NeuralNet provides a couple of access function to get the layers and params of the net:

const std::vector<Layer*>& layers() const;
const std::vector<Param*>& params() const ;
Layer* name2layer(string name) const;
Param* paramid2param(int id) const;

Partitioning

Implementation

SINGA partitions the neural net in CreateGraph function, which creates one node for each (partitioned) layer. For example, if one layer’s partition dimension is 0 or 1, then it creates npartition nodes for it; if the partition dimension is -1, a single node is created, i.e., no partitioning. Each node is assigned a partition (or location) ID. If the original layer is configured with a location ID, then the ID is assigned to each newly created node. These nodes are connected according to the connections of the original layers. Some connection layers will be added automatically. For instance, if two connected sub-layers are located at two different workers, then a pair of bridge layers is inserted to transfer the feature (and gradient) blob between them. When two layers are partitioned on different dimensions, a concatenation layer which concatenates feature rows (or columns) and a slice layer which slices feature rows (or columns) would be inserted. These connection layers help making the network communication and synchronization transparent to the users.
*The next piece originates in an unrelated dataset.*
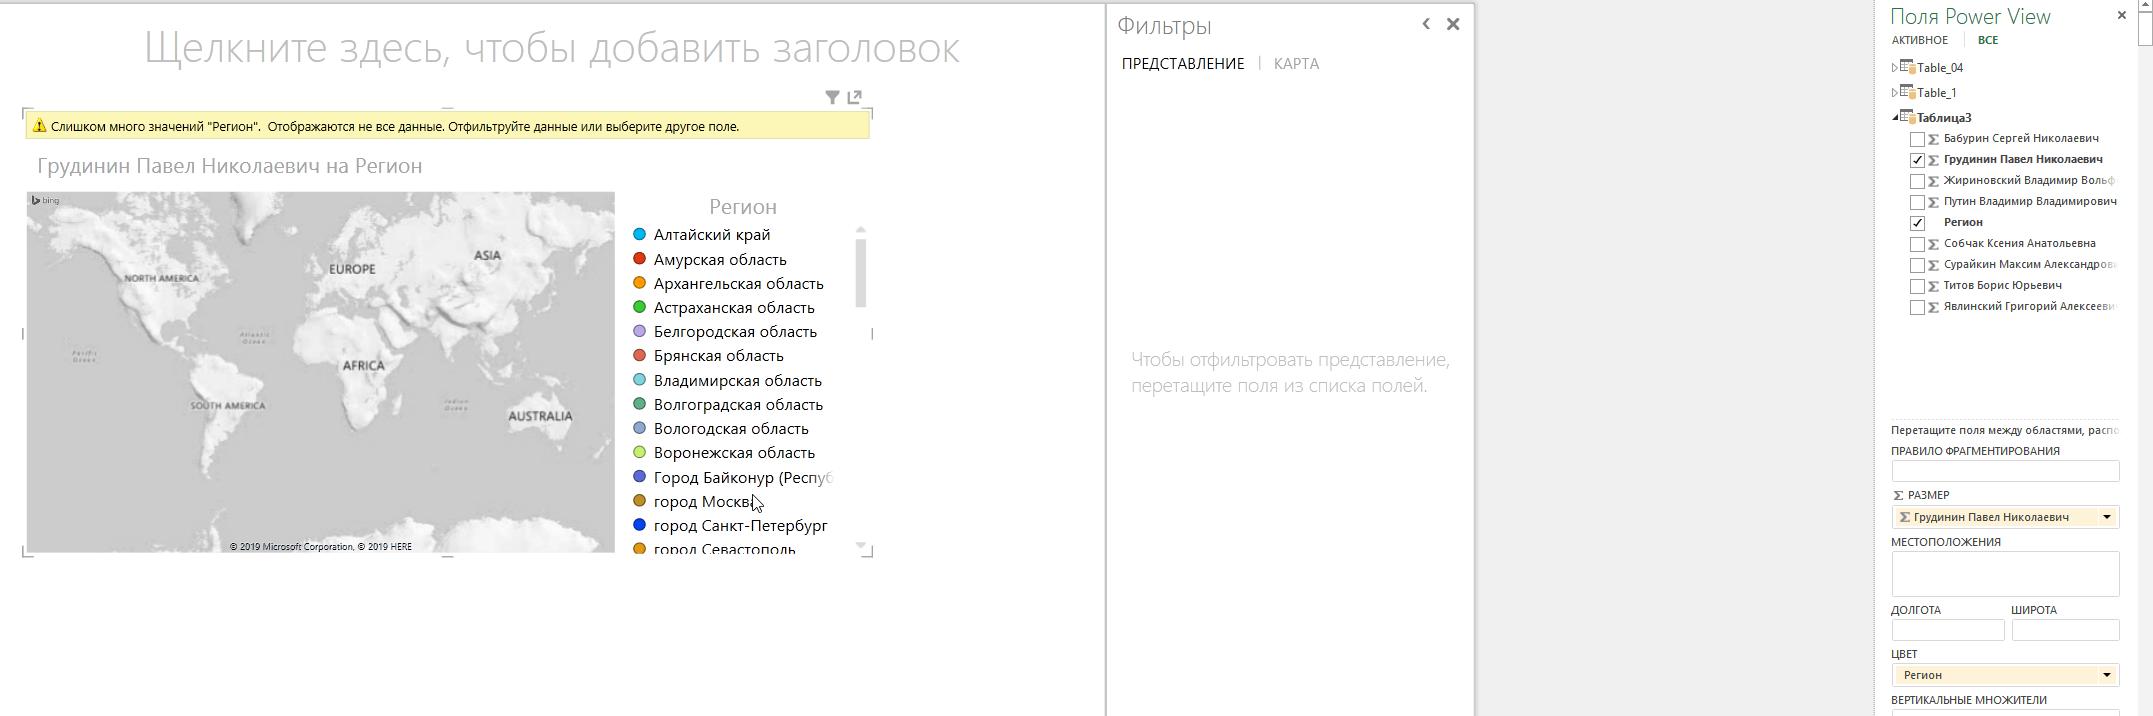 Power View в Excel

Dispatching partitions to workers

Each (partitioned) layer is assigned a location ID, based on which it is dispatched to one worker. Particularly, the shared pointer to the NeuralNet instance is passed to every worker within the same group, but each worker only computes over the layers that have the same partition (or location) ID as the worker’s ID. When every worker computes the gradients of the entire model parameters (strategy-2), we refer to this process as data parallelism. When different workers compute the gradients of different parameters (strategy-3 or strategy-1), we call this process model parallelism. The hybrid partitioning leads to hybrid parallelism where some workers compute the gradients of the same subset of model parameters while other workers compute on different model parameters. For example, to implement the hybrid parallelism in for the DCNN model, we set partition_dim = 0 for lower layers and partition_dim = 1 for higher layers.